- The paper introduces a low-dimensional manifold to reduce the complexity of over-parameterized neural networks in system identification.
- It employs an encoder-decoder architecture that maps datasets directly to the manifold, eliminating costly second-order gradient computations.
- Reduced-order models achieved a 95.2% median fit on the Bouc-Wen benchmark, demonstrating enhanced performance in low-data scenarios.
Introduction
The paper "Manifold meta-learning for reduced-complexity neural system identification" introduces a framework within system identification to tackle the complexity and computational demand of over-parameterized neural networks. These challenges are especially pertinent for modeling systems with uncertain physics via deep learning. The authors propose a meta-learning approach to identify a low-dimensional manifold within the parameter space of these architectures, leveraging datasets generated by related dynamical systems. This manifold enables efficient training while preserving the network’s expressive capacity. The key innovation is an auxiliary neural network that maps datasets directly onto the learned manifold, eliminating costly second-order gradient computations typical in bilevel meta-learning approaches.
Figure 1: The autoencoder architecture for reduced-complexity architecture learning.
Framework
The framework posits access to a meta-dataset comprising input-output sequences from related dynamical systems. This dataset can originate from high-fidelity simulators or historical experimental data, capturing variability representative of the target system class. A base architecture, sufficiently expressive to encapsulate these dynamics, is defined over the parameter space. However, this architecture is inherently over-parameterized.

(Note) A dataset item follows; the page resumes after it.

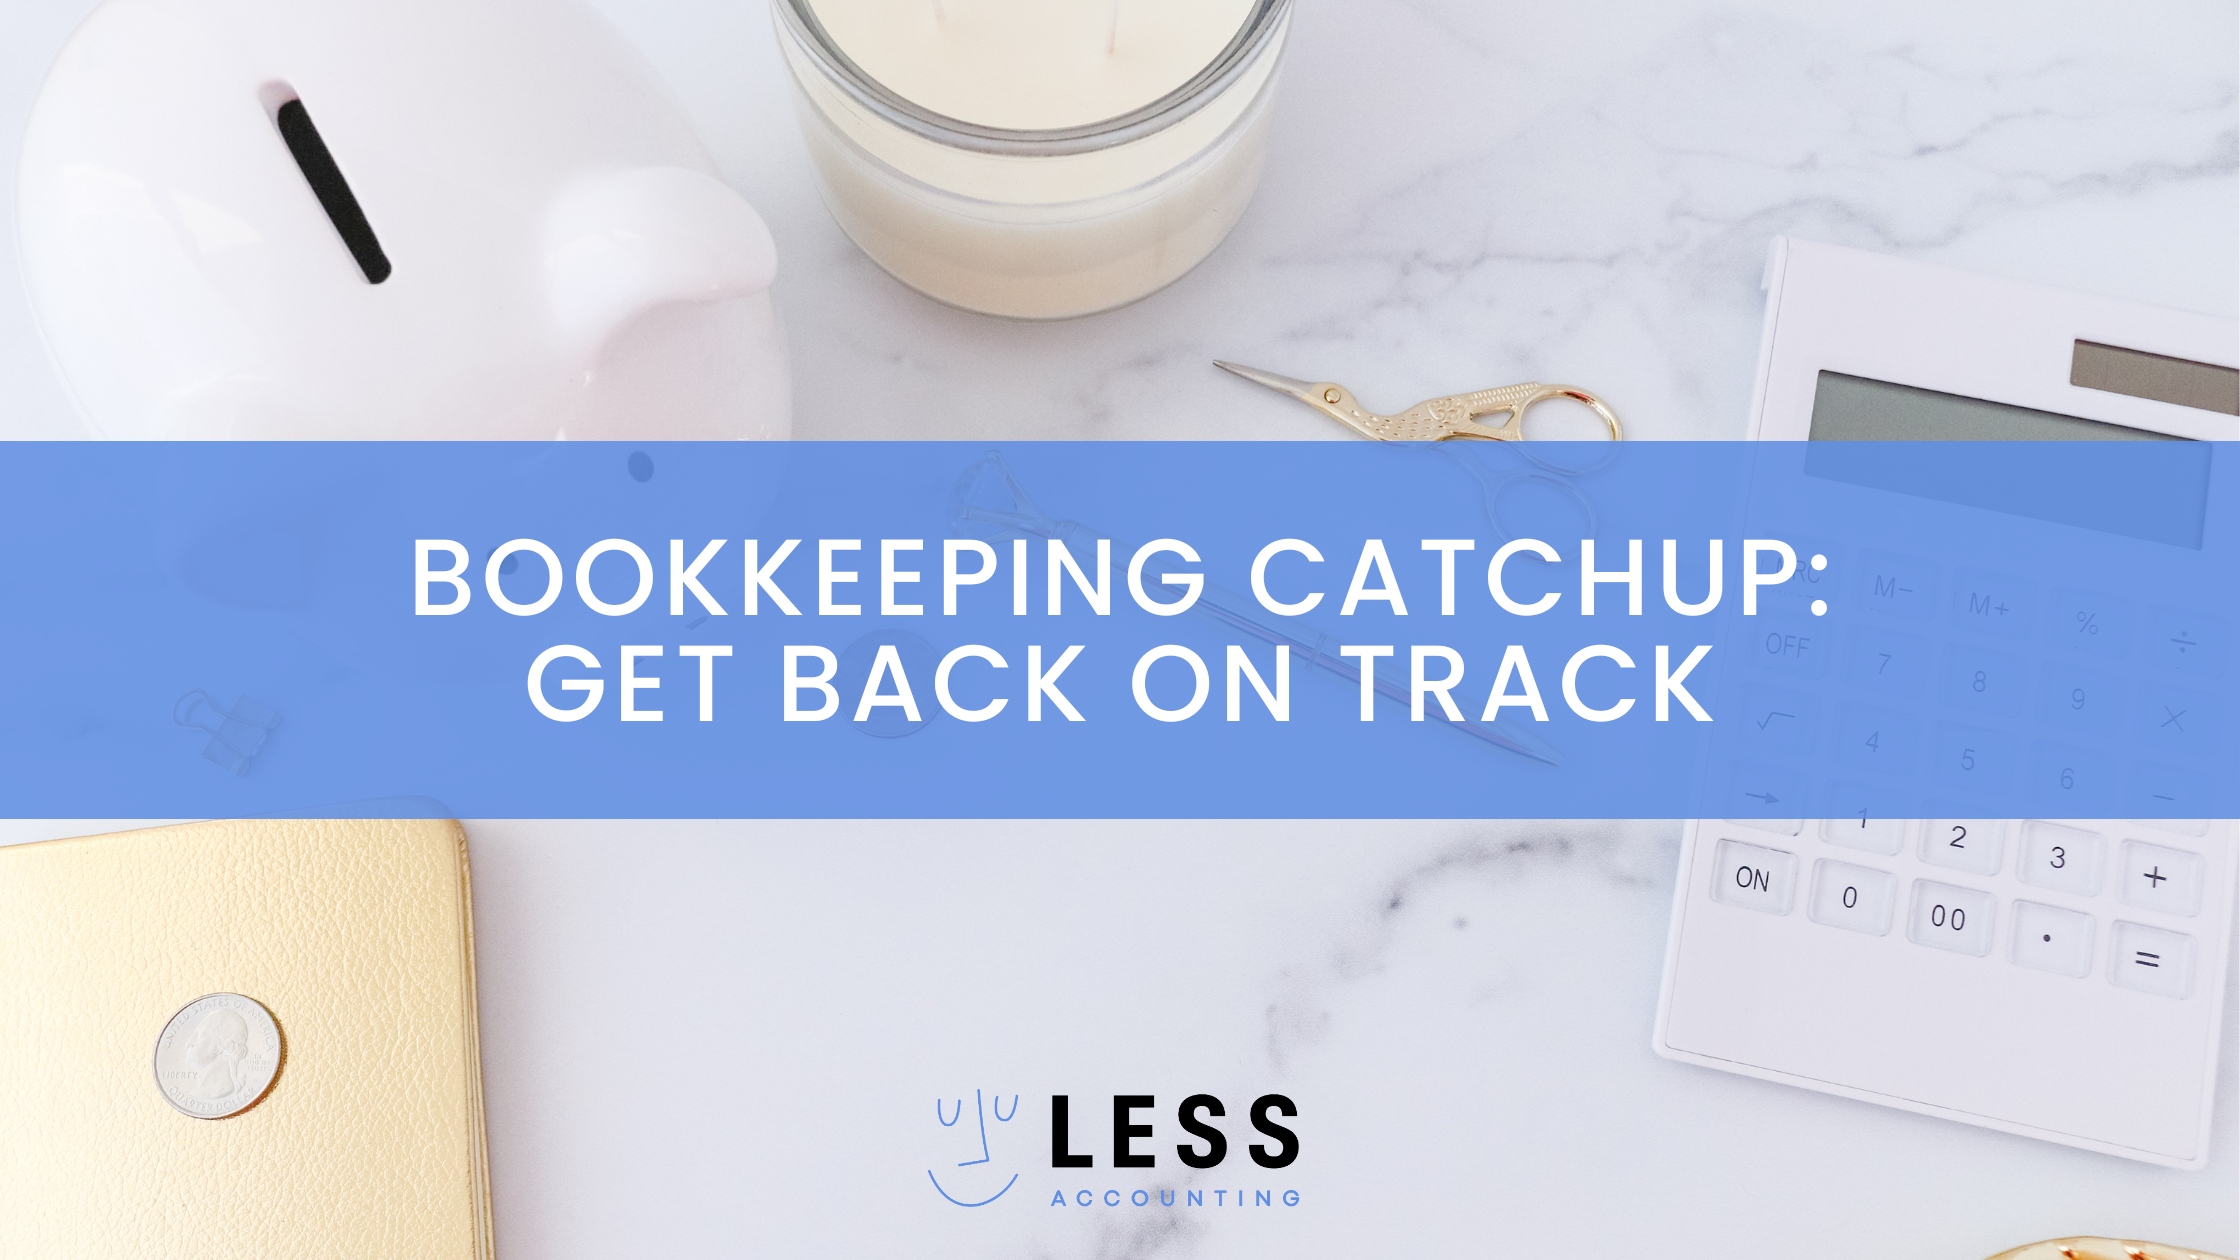 Bookkeeping Catchup, tips to get back on track

A manifold is meta-learned within this parameter space using a mapping function. This allows the base architecture, constrained to the manifold parameters, to describe all systems in the class efficiently. The approach shifts from model-agnostic initialization strategies (as seen in MAML) to direct manifold learning, aligning closer with learning inductive biases for system identification.
The paper utilizes an encoder-decoder architecture to sidestep the complexity of bilevel optimization. The encoder Eψ​ replaces the inner optimization routine by directly mapping datasets to reduced parameters, which are then lifted to the full-order space via the parametric manifold. This setup circumvents gradient-based inner loops, focusing on minimizing the loss function J~(γ,ψ) approximated by Monte Carlo sampling.
The encoder-decoder architecture conceptually aligns with hyper-network strategies, wherein an auxiliary network provides parameters for another neural network. Meta-learning aims to discover an optimal manifold that reduces modeling complexity over all datasets in the meta-dataset, fostering computational efficiency and mitigating overfitting risks in system identification.
Numerical Illustration
The framework exhibited strong numerical results on the Bouc-Wen benchmark—a nonlinear system identification task. The methodology involved training reduced-order models across varying sequence lengths. Full-order models showed inefficiencies in low-data scenarios, as illustrated by median fit improvements for reduced-order models (Figure 2).
Figure 3: Eigenvalues of the Hessian of the full-order training loss.
Figure 2: Full and reduced-order models: test FIT vs. training sequence length L.
Reduced-order models demonstrated heightened performance with shortened training sequences, underscoring the benefits of meta-learned manifolds in scarce data environments. Training across L=500 samples achieved a median fit of 95.2%, while full-order configurations faltered under similar constraints.
The reduced training times and avoidance of numerical instability in the optimization process affirmed the reliability and efficacy of manifold-based model training (Figure 4).
Figure 4: Training time vs. training sequence length L.
Conclusion
The manifold meta-learning framework provides an elegant solution to the challenges posed by over-parameterized neural networks in system identification. It effectively balances expressiveness with computational tractability, as evidenced by its impactful performance in the Bouc-Wen benchmark context.
Prospects for future developments include hybrid models incorporating known physics, variational approaches for probabilistic modeling, and adaptations suitable for real-world data domains. Integrating domain knowledge into the meta-learning process could further refine model structures, encouraging robust system identification in increasingly complex applications.